2. The reporting person's option exercise and sale reported in this Form 4 were effected pursuant to Rule 10b5-1 Trading Plan previously adopted by the reporting person in accordance with Rule 10b5-1 of the Securities Exchange Act of 1934.
3. The price reported represents the weighted average sales price of Class B common stock sold in multiple transactions at prices ranging from $73.50 to $73.725, inclusive. The reporting person will provide to the issuer, any security holder of the issuer, or the SEC staff, upon request, information regarding the number of shares sold at each price within the range.
4. Reflects the transfer of 4,400 shares of Class B common stock on March 10, 2015 from Marilyn E. Coors and Peter H. Coors as Co-Trustees of Peter H. Coors 2013 Grantor Retained Annuity Trust XIII to Marilyn E. Coors and Peter H. Coors as Co-Trustees of the Peter H. Coors 2015 Grantor Retained Annuity Trust XX.
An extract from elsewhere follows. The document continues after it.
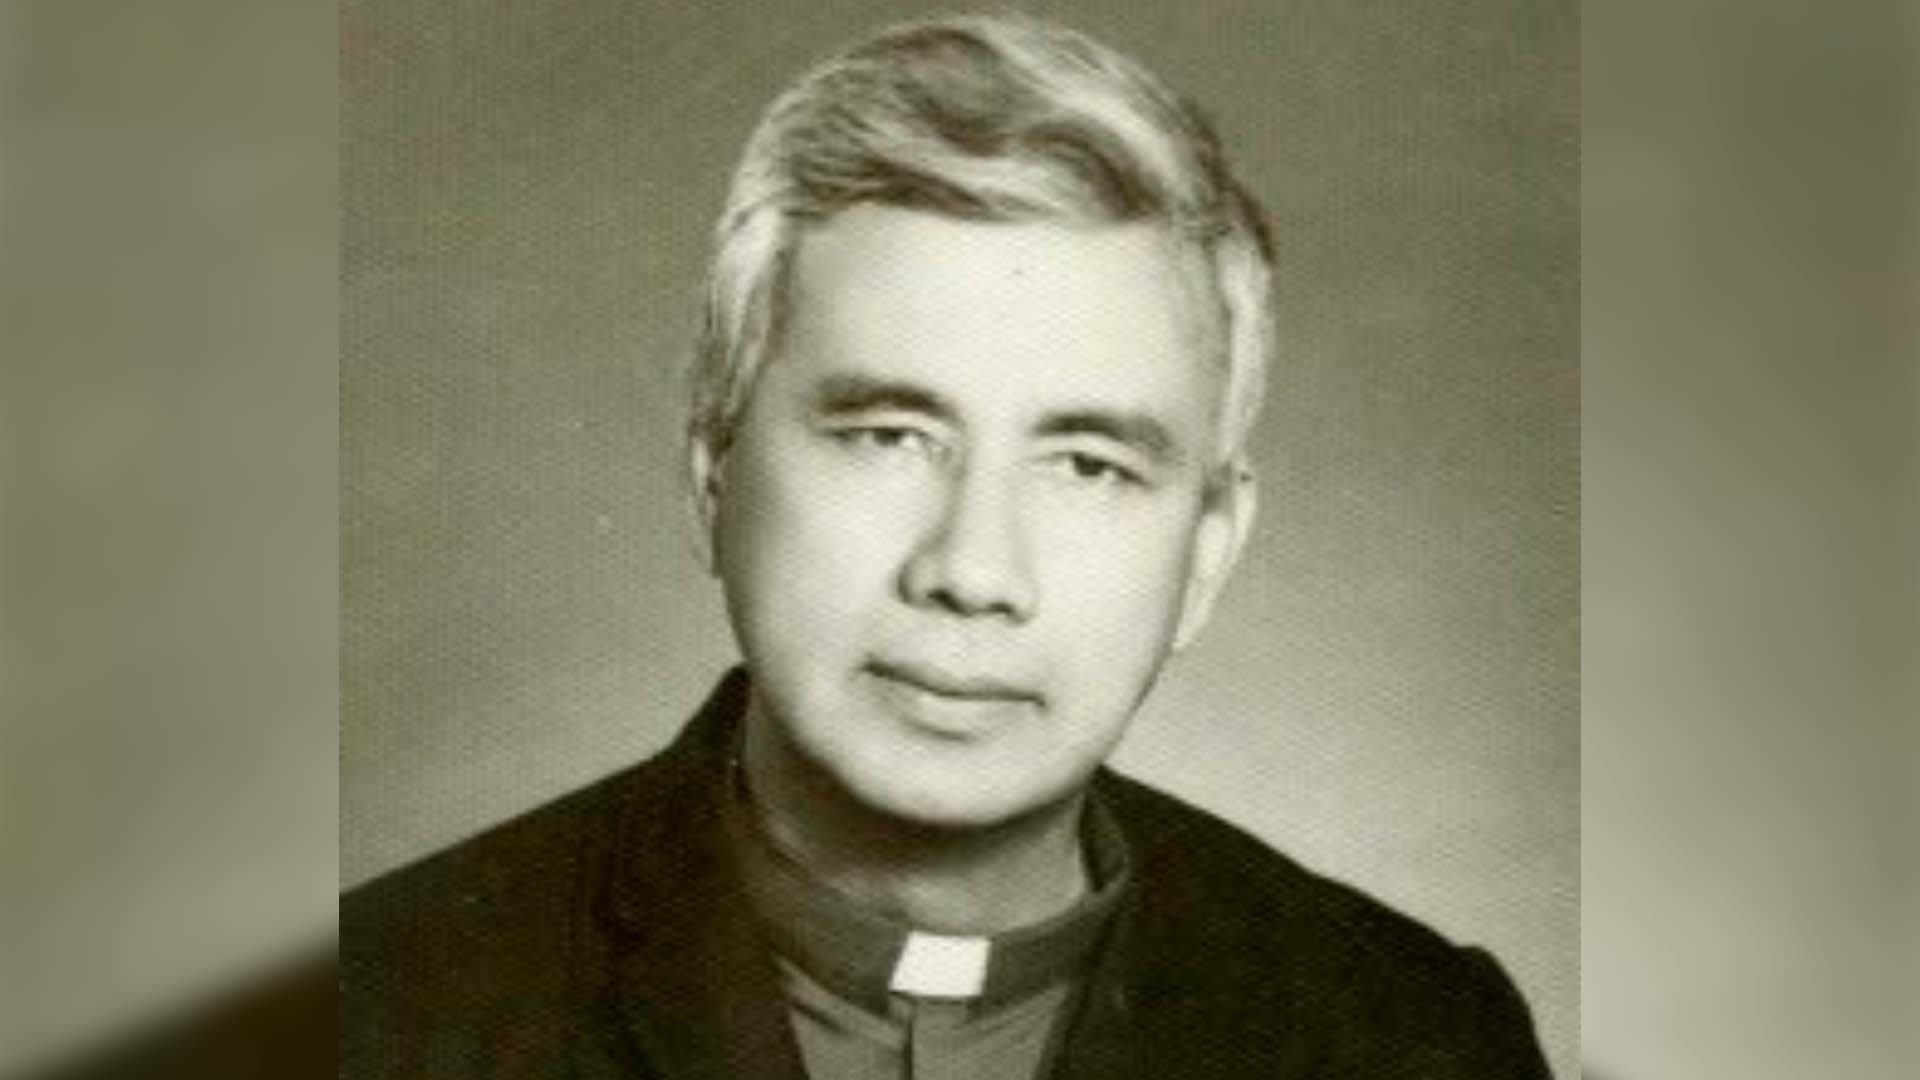 El jesuita Rutilio Grande fue asesinado en una emboscada en El Salvador en el año 1977 junto a dos laicos. Los 3 mártires, y otro sacerdote asesinado en 1980, fueron beatificados el 22 de enero en el país centroamericano

5. Reflects the transfer of 12,445 shares of Class B common stock on March 10, 2015 from Marilyn E. Coors and Peter H. Coors as Co-Trustees of Peter H. Coors 2014 Grantor Retained Annuity Trust XVII to Marilyn E. Coors and Peter H. Coors as Co-Trustees of the Peter H. Coors 2015 Grantor Retained Annuity Trust XX.
Remarks:
Kathleen M. Kirchner, by Power of Attorney 05/05/2015
** Signature of Reporting Person Date
Reminder: Report on a separate line for each class of securities beneficially owned directly or indirectly.
* If the form is filed by more than one reporting person, see Instruction 4 (b)(v).
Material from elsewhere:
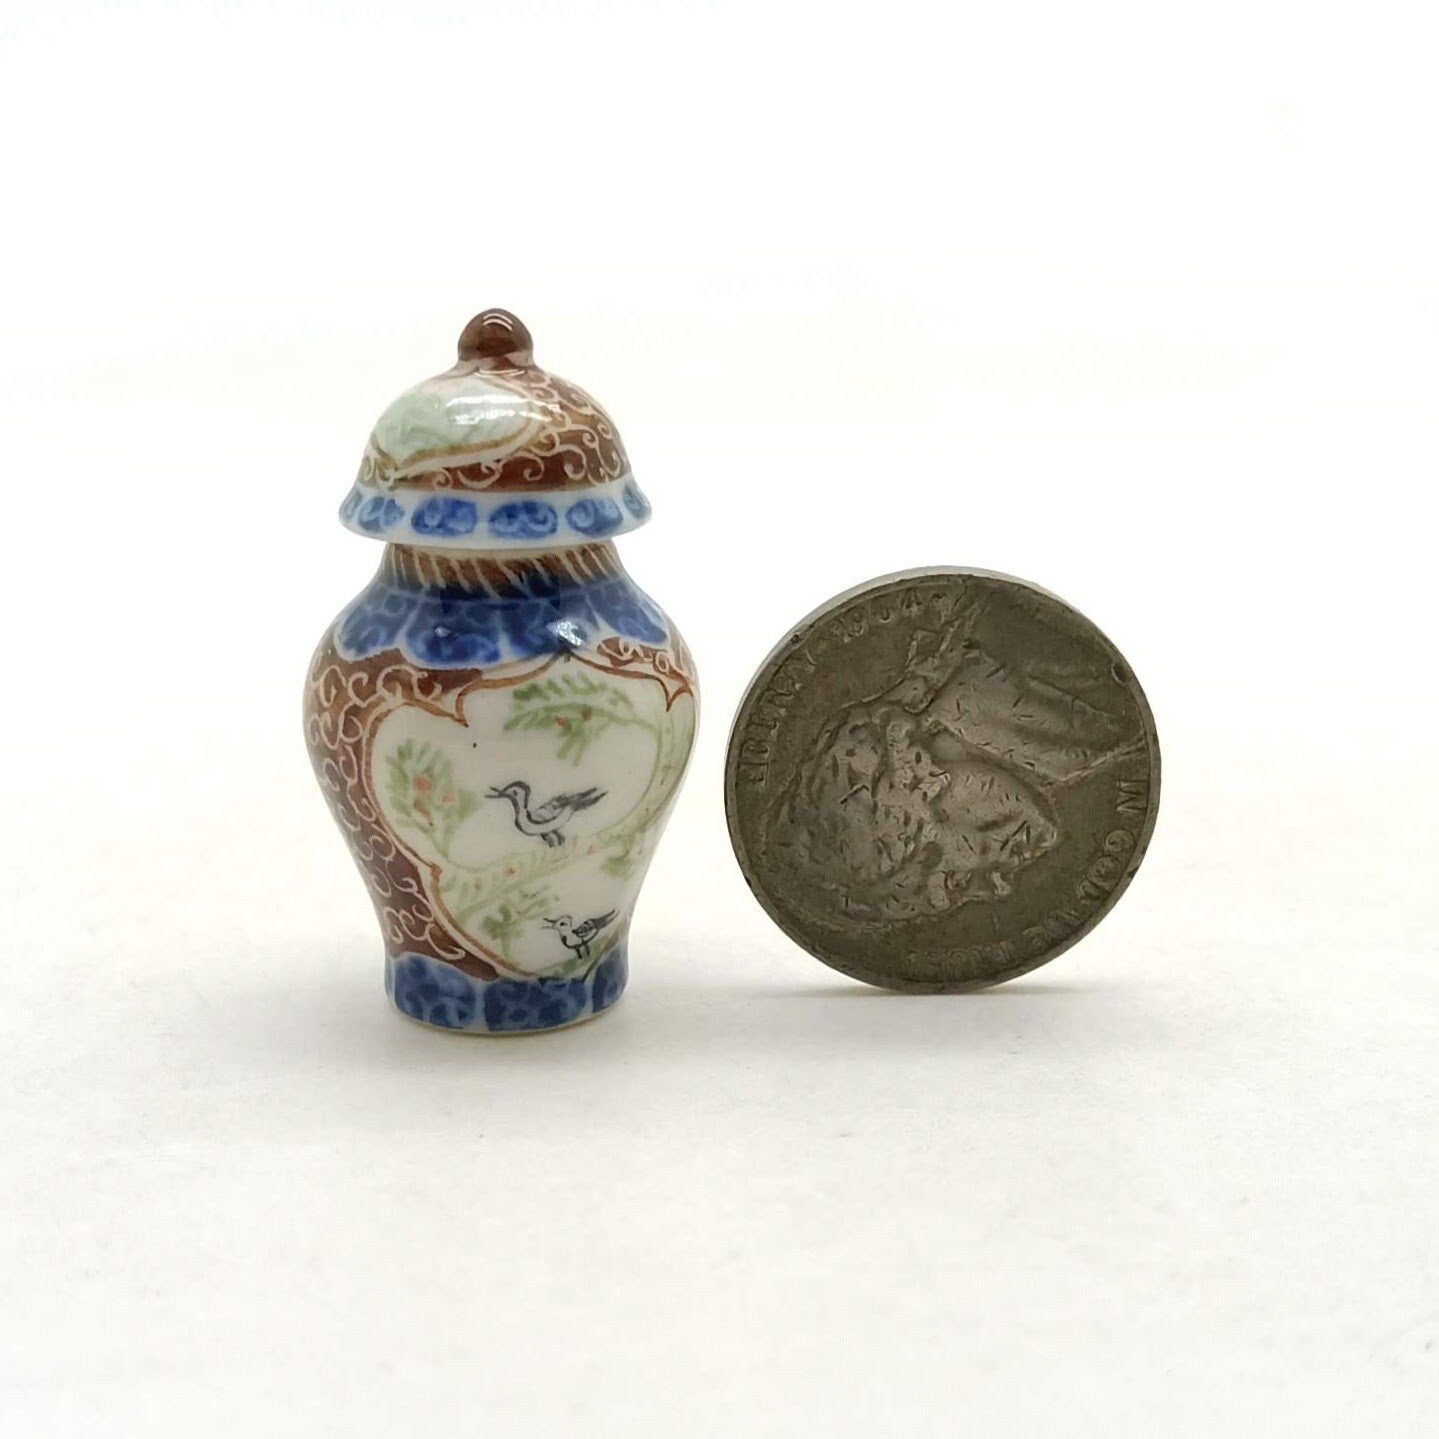 Vase + Lid Ceramic Miniature Ceramic Painted

** Intentional misstatements or omissions of facts constitute Federal Criminal Violations See 18 U.S.C. 1001 and 15 U.S.C. 78ff(a).
Note: File three copies of this Form, one of which must be manually signed. If space is insufficient, see Instruction 6 for procedure.
Persons who respond to the collection of information contained in this form are not required to respond unless the form displays a currently valid OMB Number.